Two factors contributed to DuPont’s success there. The first was technology. For centuries, the sailing warship—subject to vagaries of wind—had little chance against shore batteries firing bigger guns from stable and usually higher platforms protected by stone ramparts and capable of employing heated shot.

But the navy had come a long way, demonstrating technical innovation and excellence in warship production. It was advancing rapidly in steam and propeller propulsion and was leading the ordnance revolution of the era. Larger steam men-of-war armed with heavier and longer range guns firing explosive shells were evening the odds.

9 Dahlgren gun
9″ Dahlgren cast-iron shot and shell gun

Like DuPont at Port Royal, Admiral David G. Farragut would blow past powerful fortifications below New Orleans (April 1862) and again in Mobile Bay (August 1864) with greater but manageable casualties, isolating the forts into surrender.

Sea power did not always work alone, however. Farragut (in July 1862) and Admiral David D. Porter (in April 1863) could sneak their squadrons past massed batteries on Vicksburg heights with manageable damage but could not take the city on their own. Charleston Harbor became a cul-de-sac of fire and destruction for another Union squadron (April 1863)—including presumably impregnable ironclad monitors—defying all attempts at capture from the sea.

Given lack of institutionalized coordination and an incomplete appreciation of sea power or power projection, victory at Port Royal and elsewhere also depended on close and personal partnerships between senior commanders. U. S. Grant would agree that much of his success was due his relationships with salty compatriots like Flag Officer Andrew H. Foote (Forts Henry and Donelson, February 1862), Farragut and Porter.

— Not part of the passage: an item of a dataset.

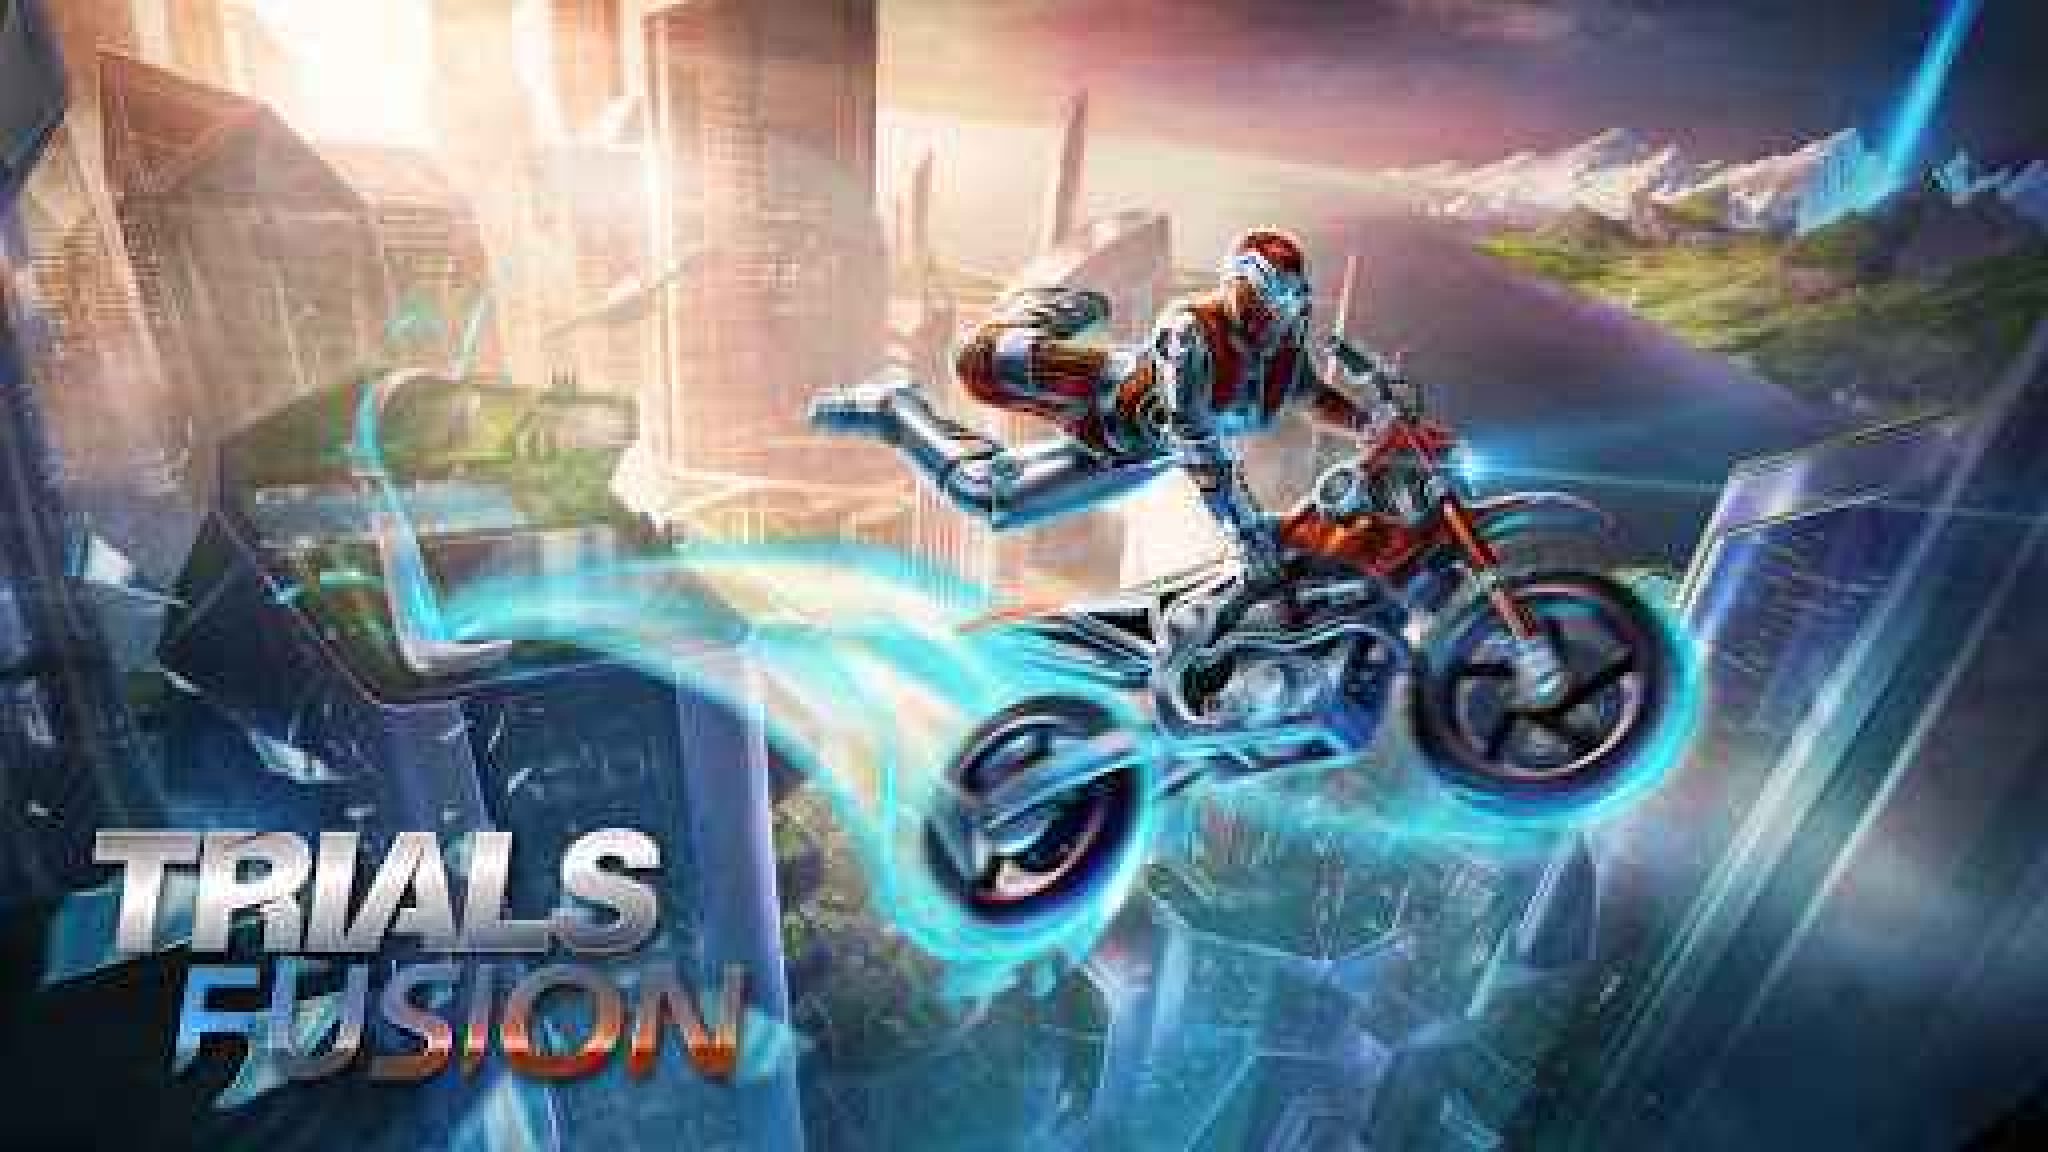 trials fusion pc free download

From Grant’s first engagement at Belmont, MO (November 1861), through Henry and Donelson, Shiloh, Vicksburg, Chattanooga, and finally on to Richmond, the navy provided heavy artillery support and pushed aside all Rebel water forces while transporting, supplying, and feeding Federal armies along all rivers and coasts.

Grant’s and Porter’s Vicksburg campaign culminating in its surrender on July 4, 1863, would become the most prominent example of joint operations. Under the leadership of Admiral Porter and Major General Alfred Terry, the bloody capture of Fort Fisher, North Carolina (January 1865) was the ultimate Civil War amphibious operation.

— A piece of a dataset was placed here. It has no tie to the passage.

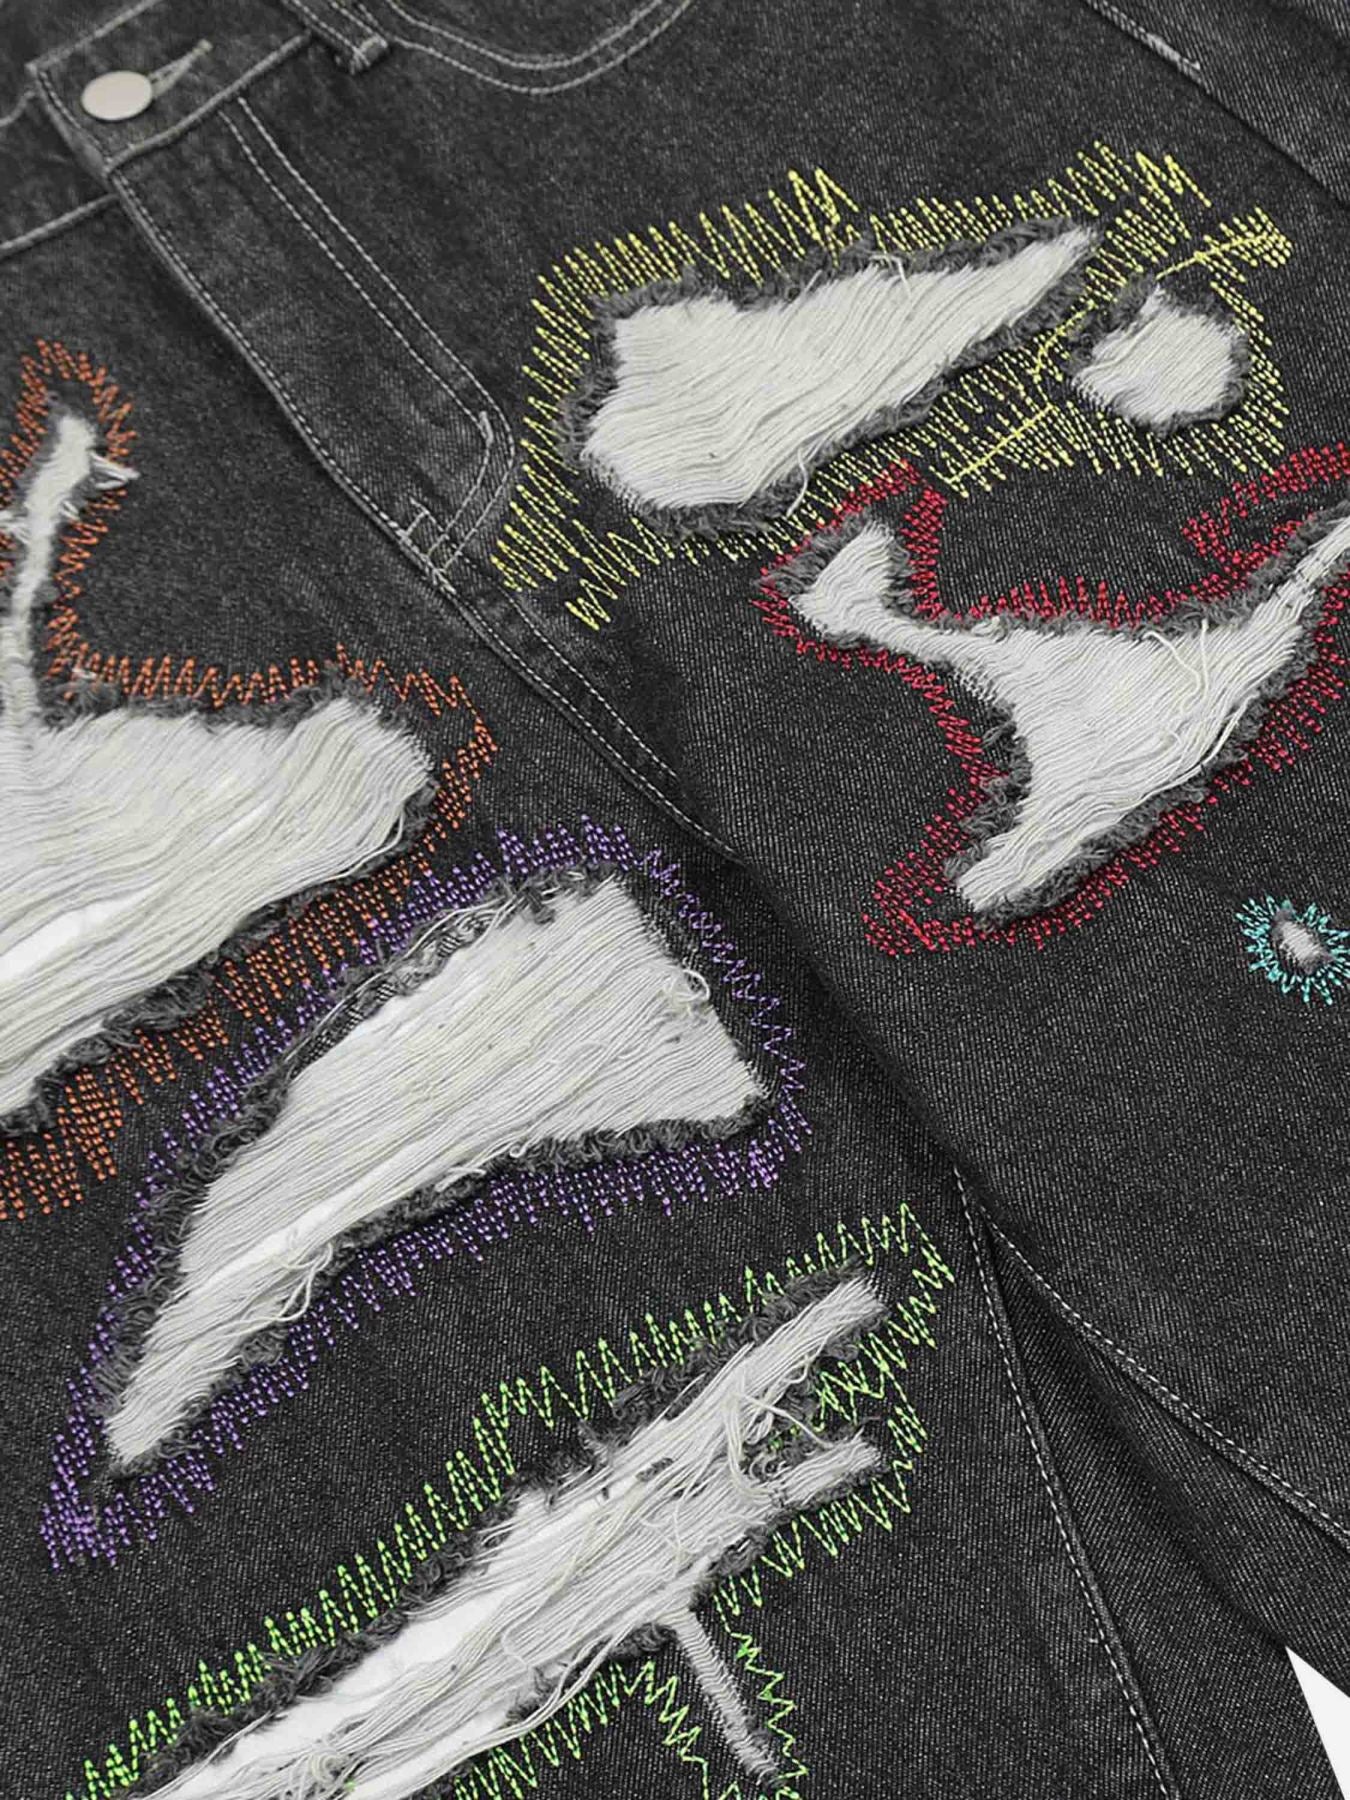 The Supermade American Style Worn And Torn Embroidered Jeans

Savannah and Charleston finally fell to the encircling hosts of General Sherman (December 1864, February 1865), but he rushed from Atlanta to Savannah for the express purpose of reestablishing logistic support from the sea and depended upon it from then on. What if these cities had been taken by joint operations in the spring of 1862?

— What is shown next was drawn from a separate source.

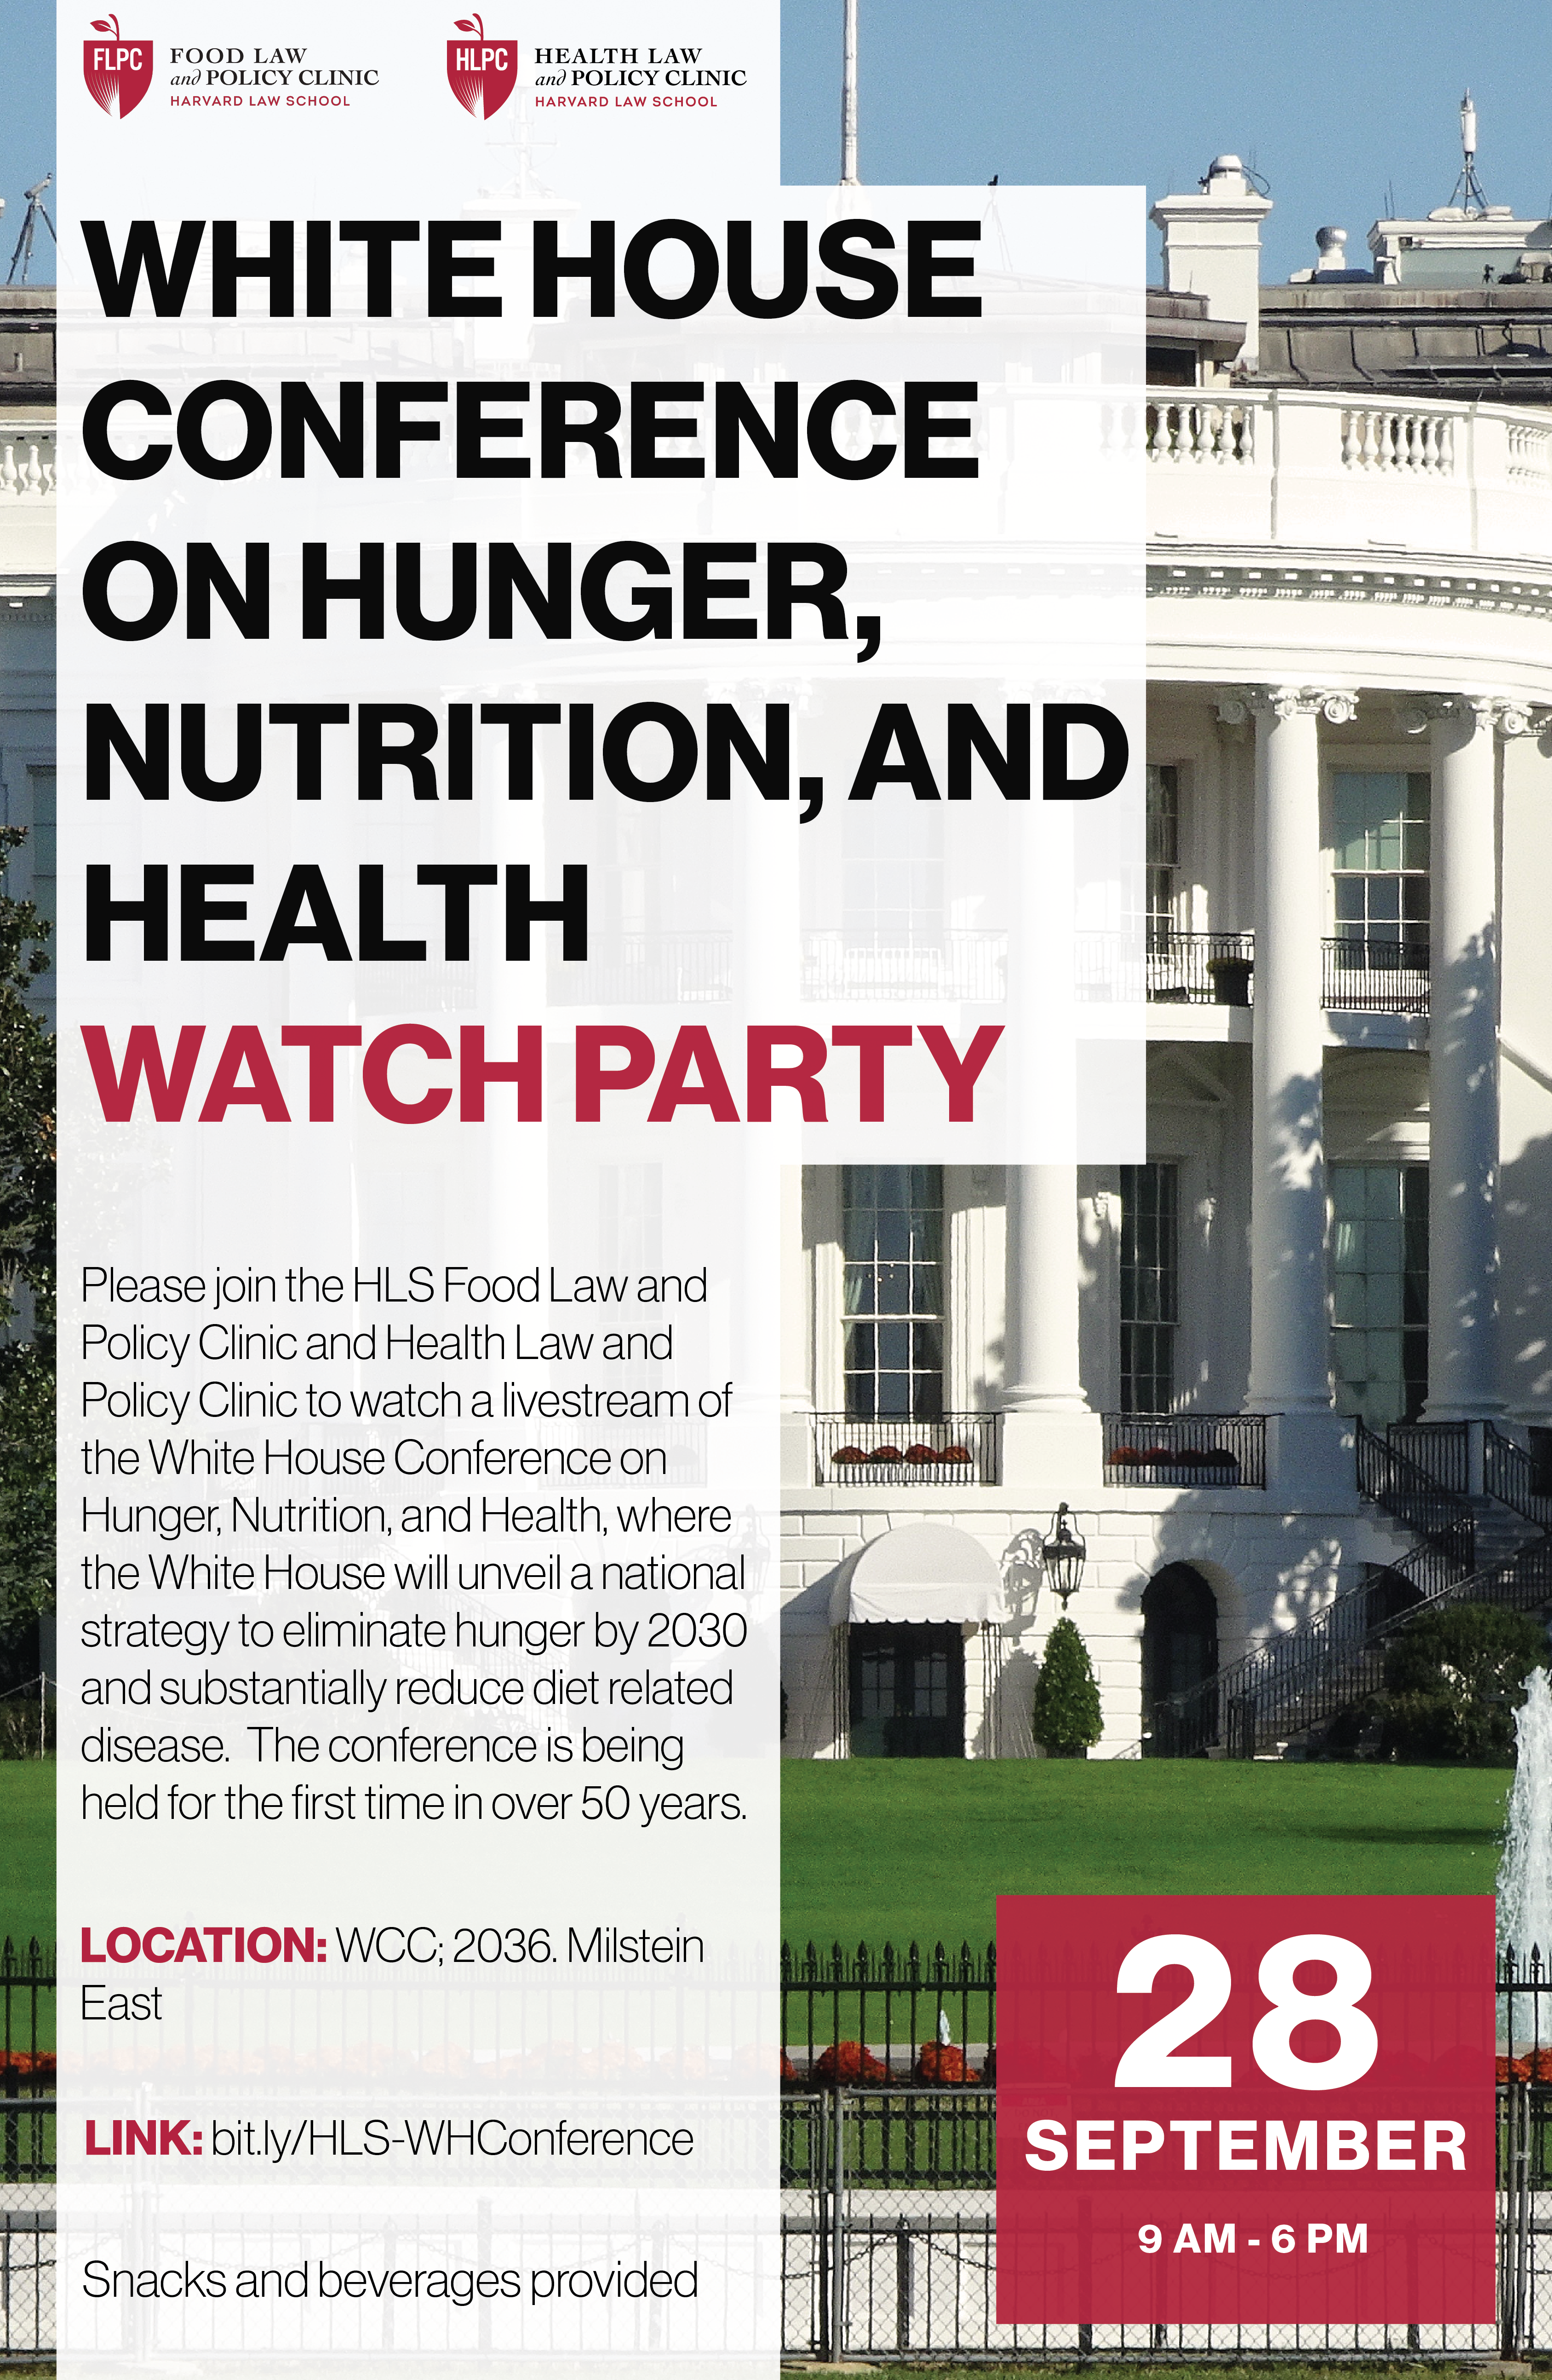 White House image with event details

[1] R. E. Lee to General S. Cooper, January 8, 1862, OR, Ser. 1, vol. 6, p. 367.

[2] Williamson Murray and Wayne Wei-siang Hsieh, A Savage War: A Military History of the Civil War (Princeton & Oxford, 2016), Chapter 5, Stillborn between Earth and Water: The Unfulfilled Promise of Joint Operations.

[3] Murray and Wei-siang, A Savage War, 128.

[4] John D. Hayes, ed., Samuel Francis Du Pont: A Selection from His Civil War Letters, vol. 1, The Mission: 1860– 1862 (Ithaca, NY, 1969), p. 285.

[5] R. E. Lee to General S. Cooper, January 8, 1862, OR, Ser. 1, vol. 6, p. 367.



4 Responses to Sea Power at Port Royal Sound: A Missed Opportunity?

  1. Excellent article of the land and sea operations of the war, covering topics not generally cover in most Civil War discussions. Thank you

  2. Superb perspective. Because these operations are on a scale never seen before, as you rightly point out, there is a learning curve in terms of what is possible.